Last weekend while riding my bike around St. Simons, I made the turn to see them. Something magical happens from the moment you are off the main road. A quietness and gentle breeze comforts you, inviting you into the their magnificent presence. A sanctuary of nature, these massive oaks are alive with energy and delight. I parked my bike, got off and took a deep breath under their shade.

This oak-lined avenue originally was the impressive entrance to Retreat Plantation, a prosperous cotton plantation. In 1826, Anna Page King had these oaks planted side by side forming double rows leading to the ocean. As I stood under the oaks she planted, I couldn’t help but be transported back in time.

I could almost hear the sounds of braying horses as their hoofs stirred up a dirt storm on their way down this long and shady path pulling either a buggy or plow behind them. In my mind, I envisioned all the people working to maintain such a thriving plantation. Back then it was a very different time and place. I surveyed the current surroundings. The sounds of a plantation are long gone but the strong, tall and mighty oaks remain.
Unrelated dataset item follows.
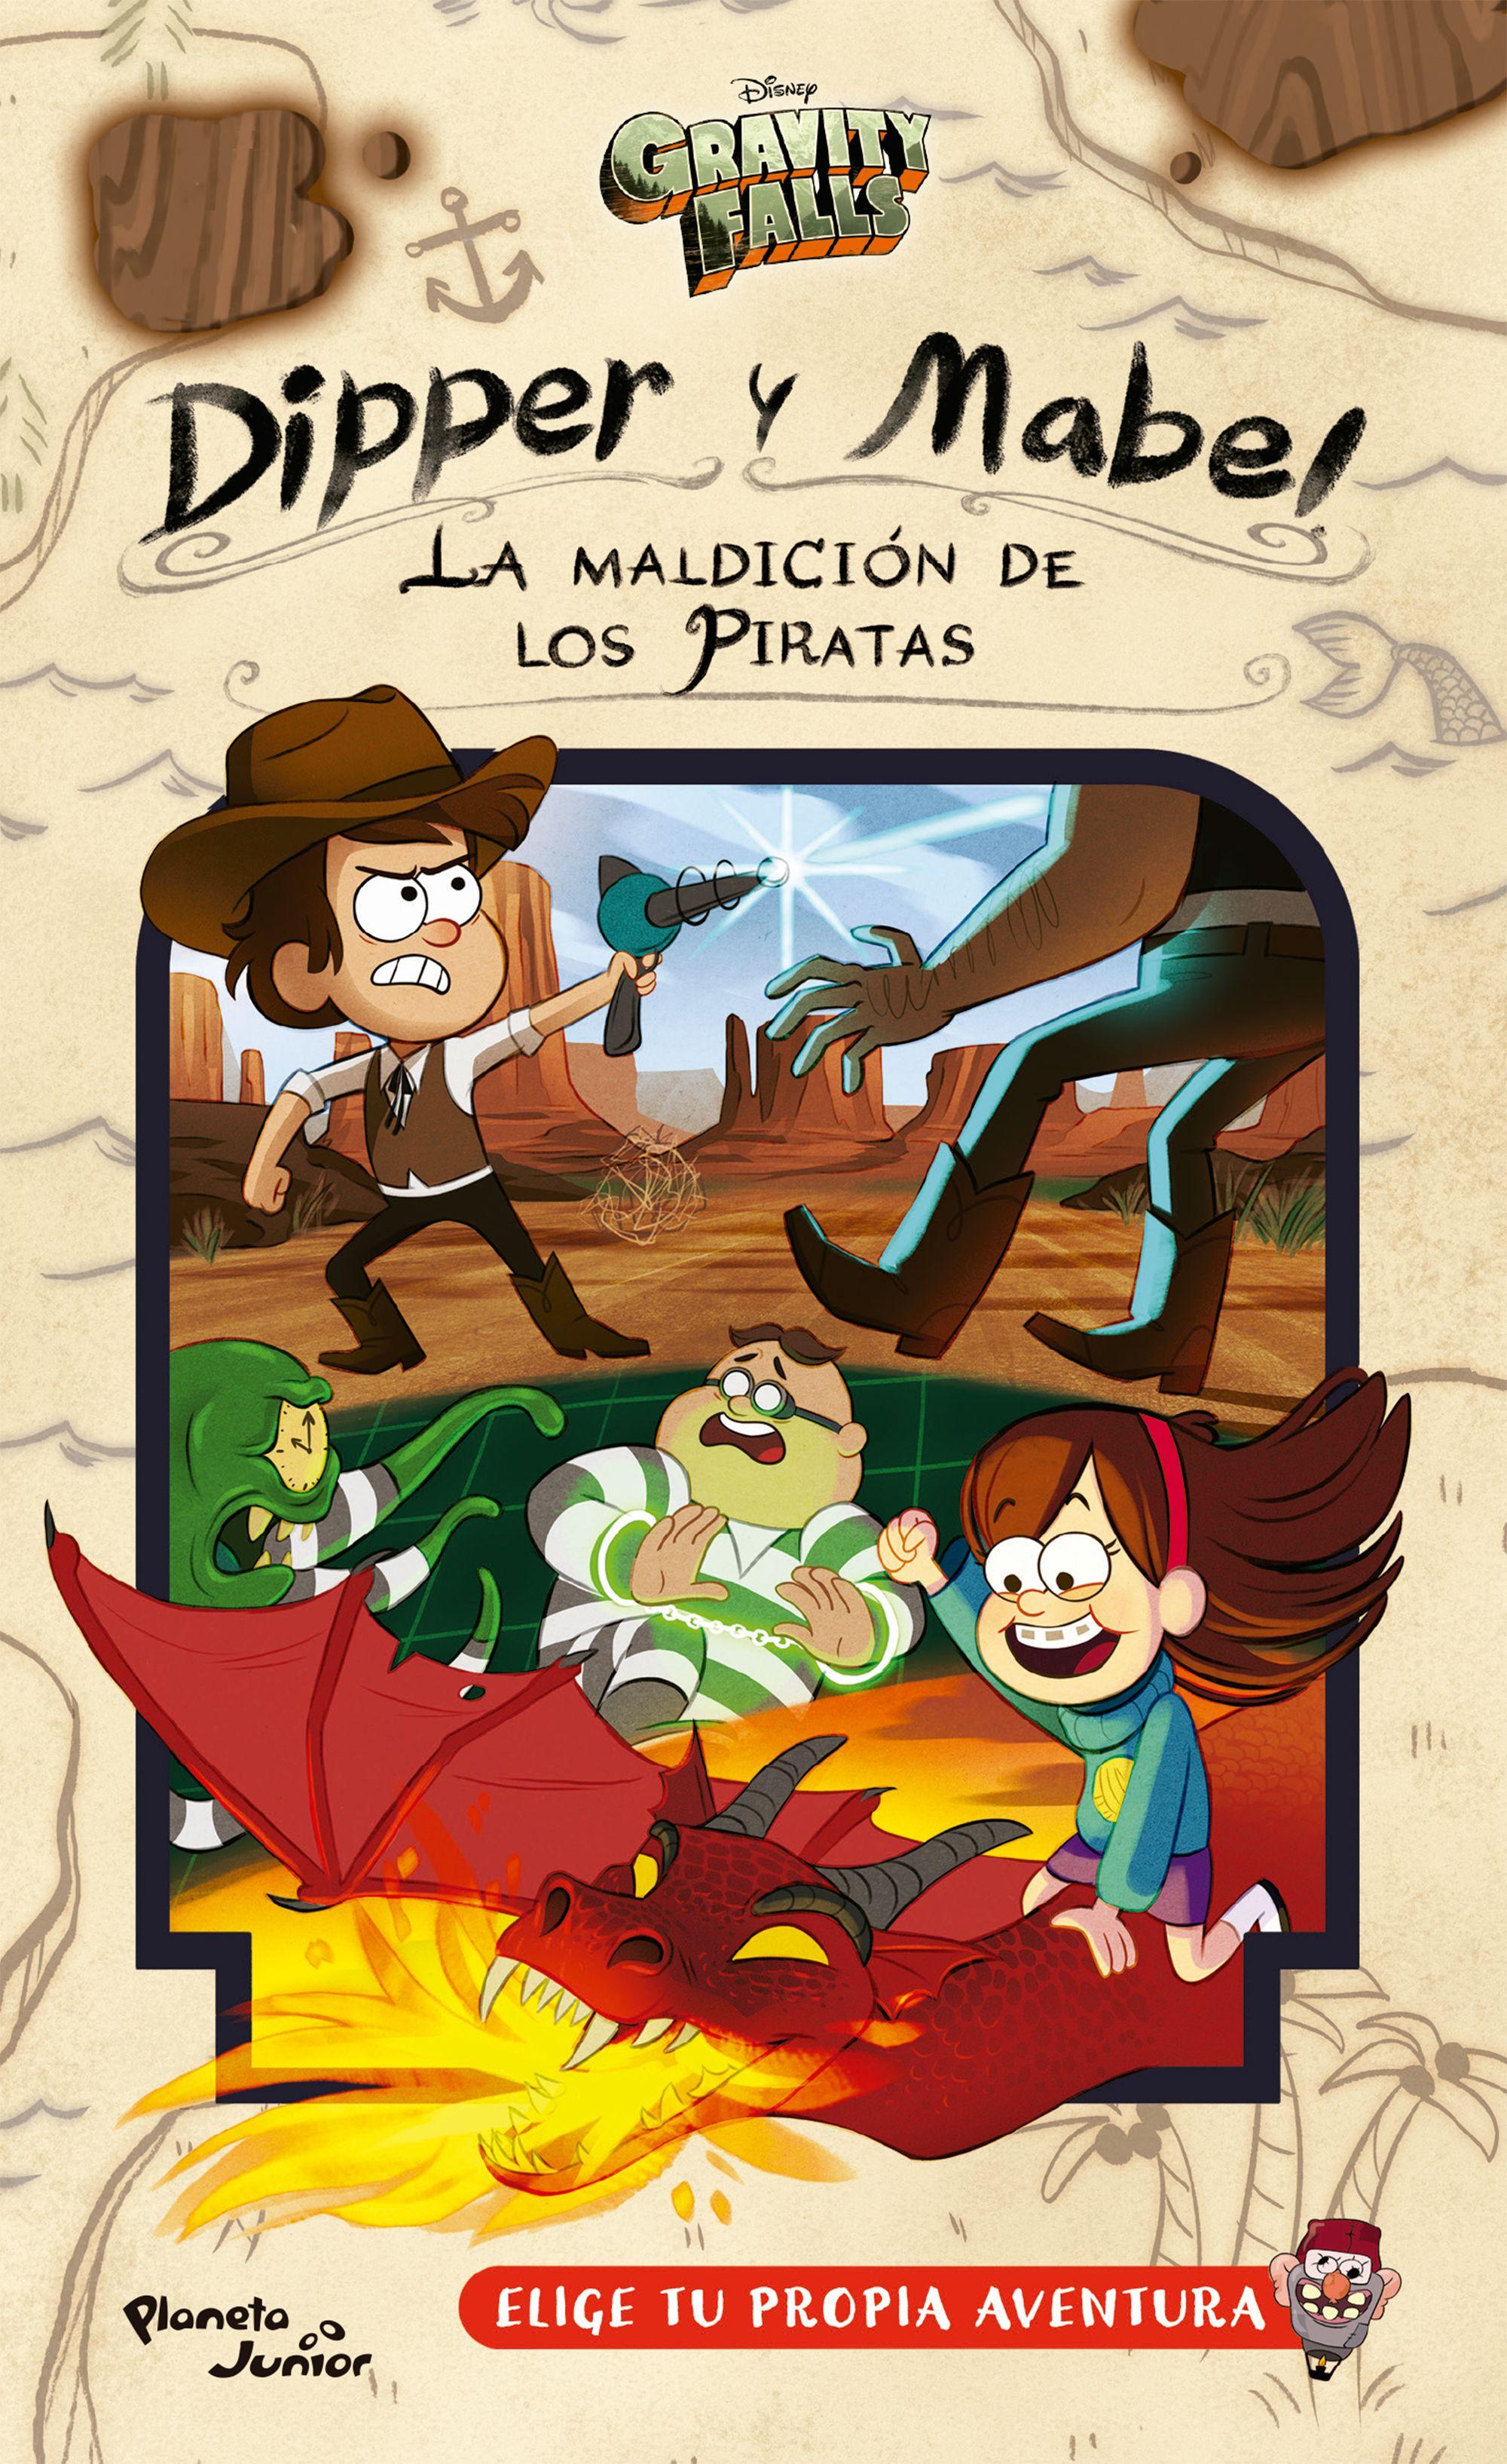 Dipper y Mabel la Maldición de los Piratas - Disney - Planeta Junior
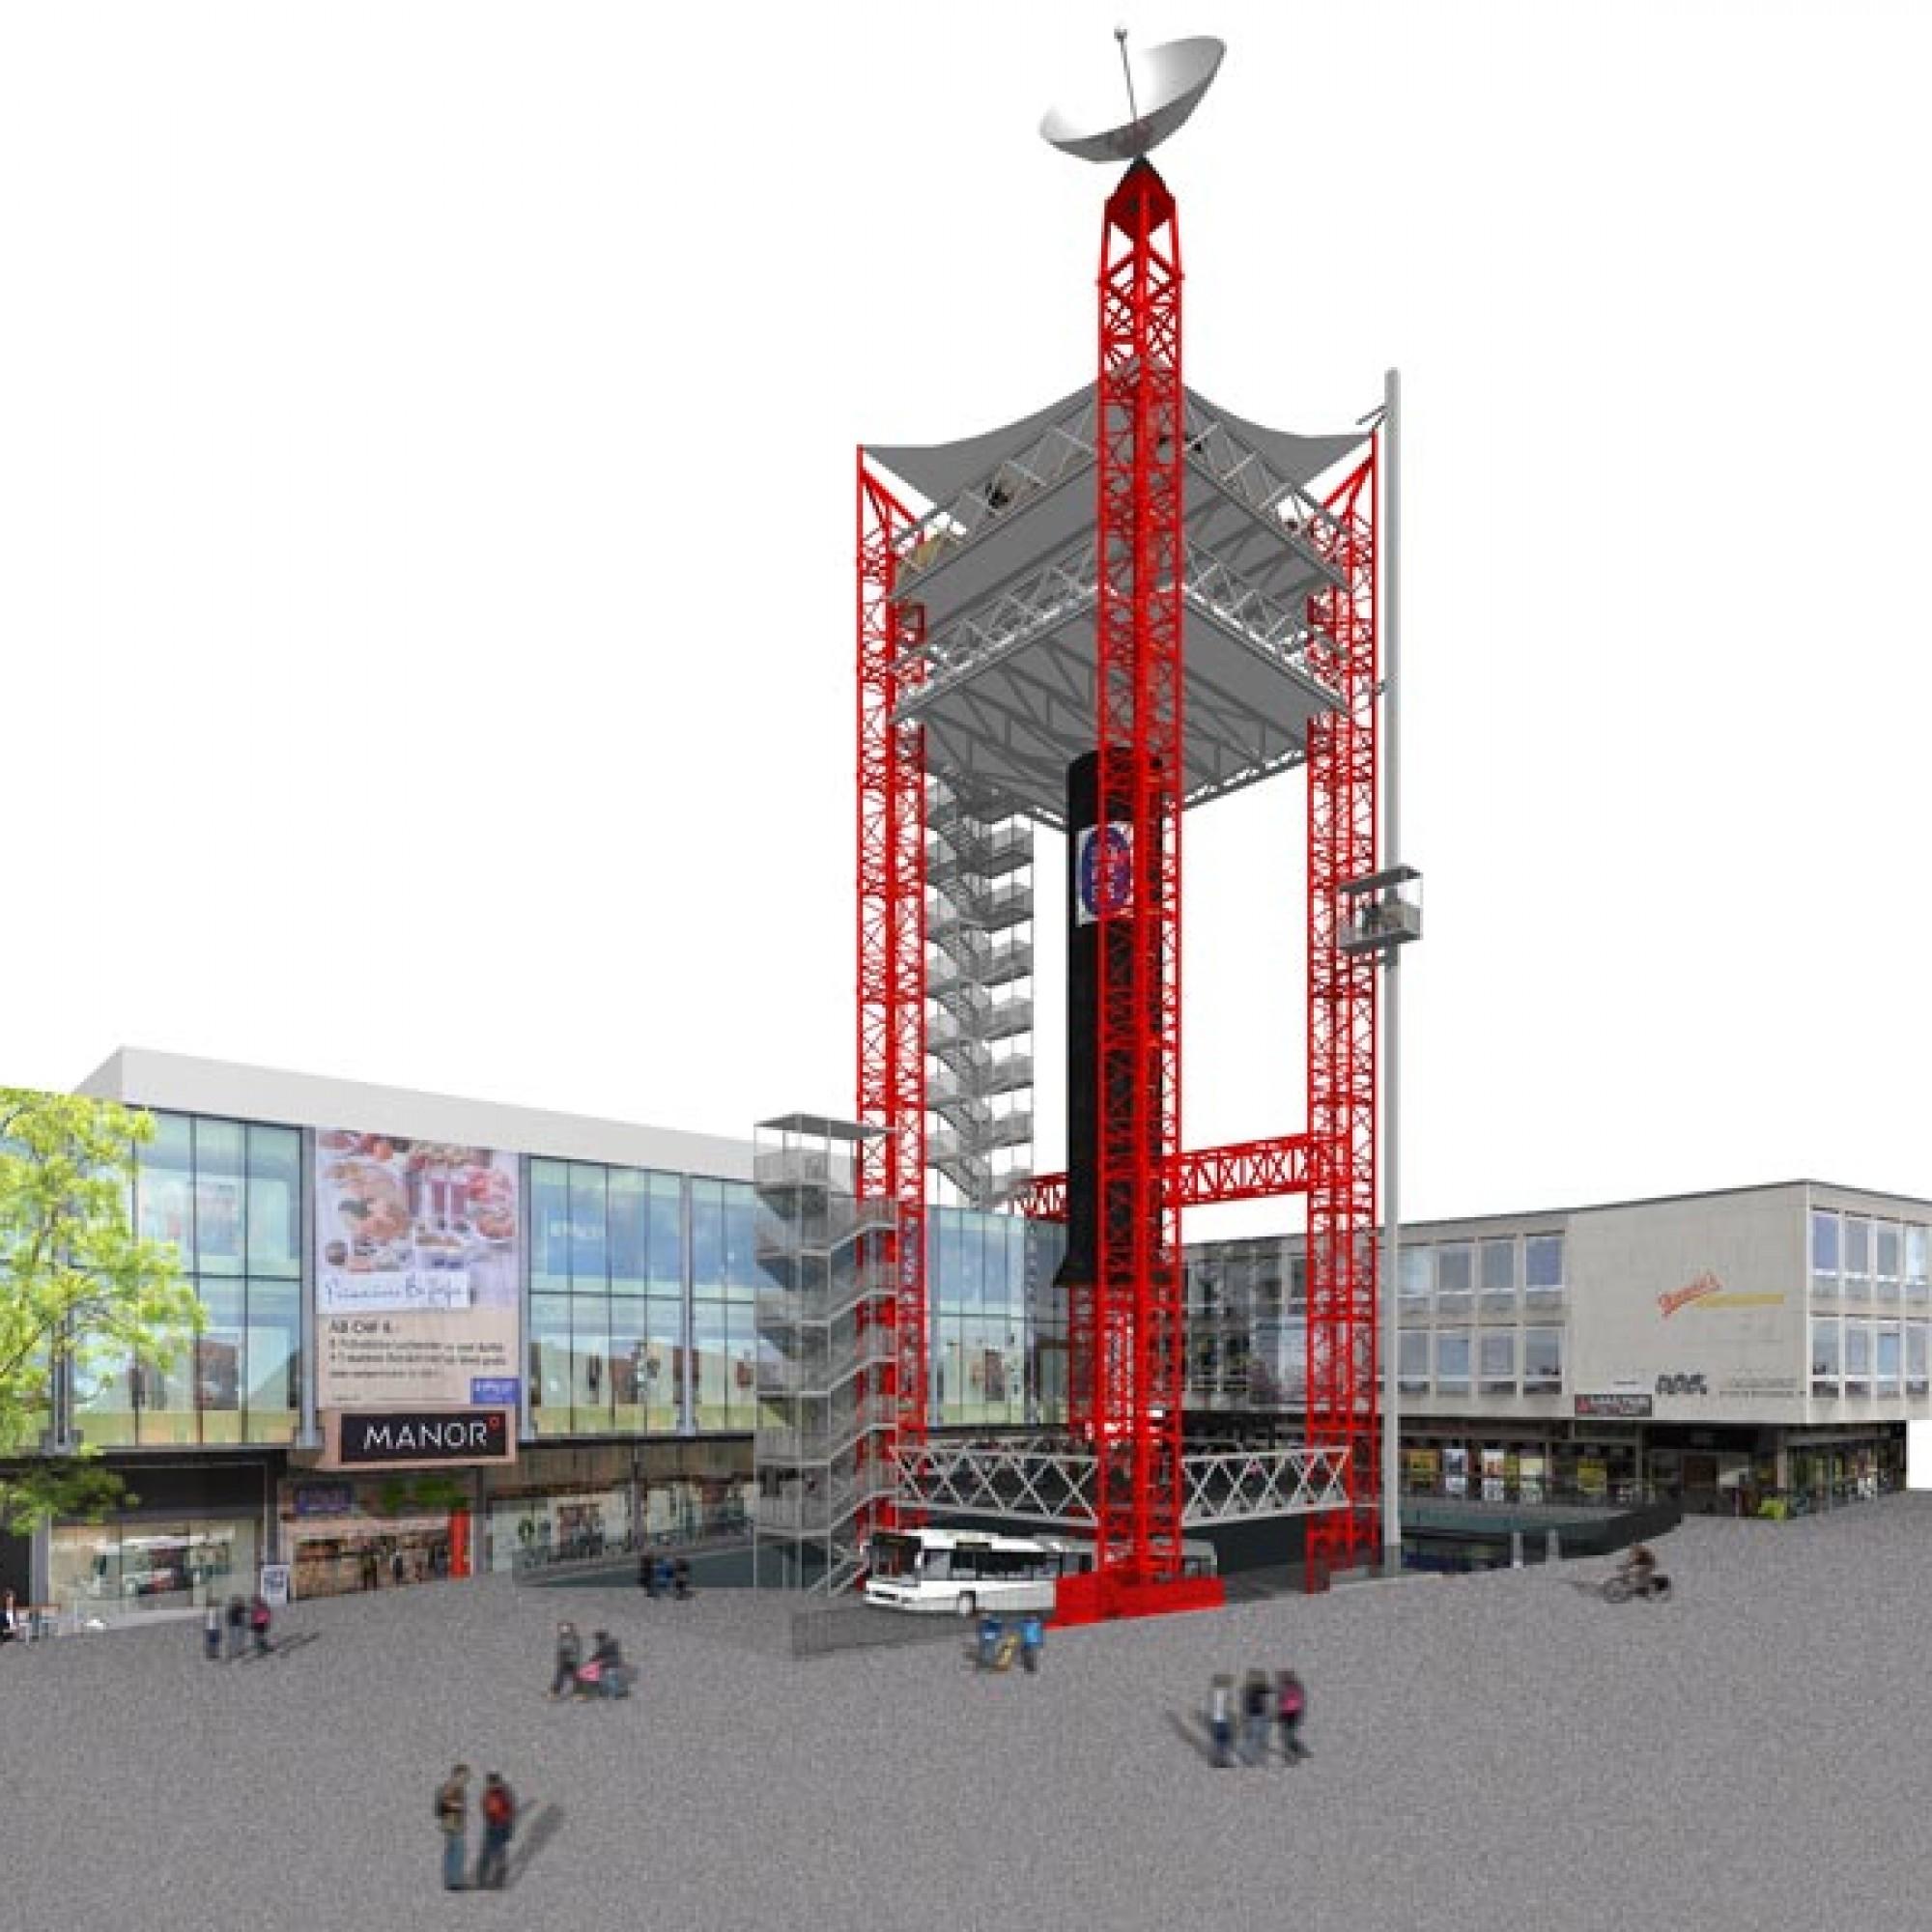 Mit 42 Metern soll die Festbeiz der  Ehrendinger Vereine alle anderen Projekte weitaus überragen. (Visualisierung: zvg)

I imagine these oaks have faced many storms. This is evidenced by the way their trunks and limbs have gnarled over time. Being twisted by the battles they faced year after year has left them marred but still standing strong against the power of the sea. I think this is why I love them so much. They offer hope during times that seem hopeless.

The sunlight flickered down through their leaves and branches leaving patterns of light and dark on the ground and grass under them. Like natural mosaics made by the sun, I watched as the slightest of breezes altered their shapes. One minute turned into many, and before I knew it I was in an almost meditative trance. Just by standing in the presence of these fine specimens of nature, I was offered strength.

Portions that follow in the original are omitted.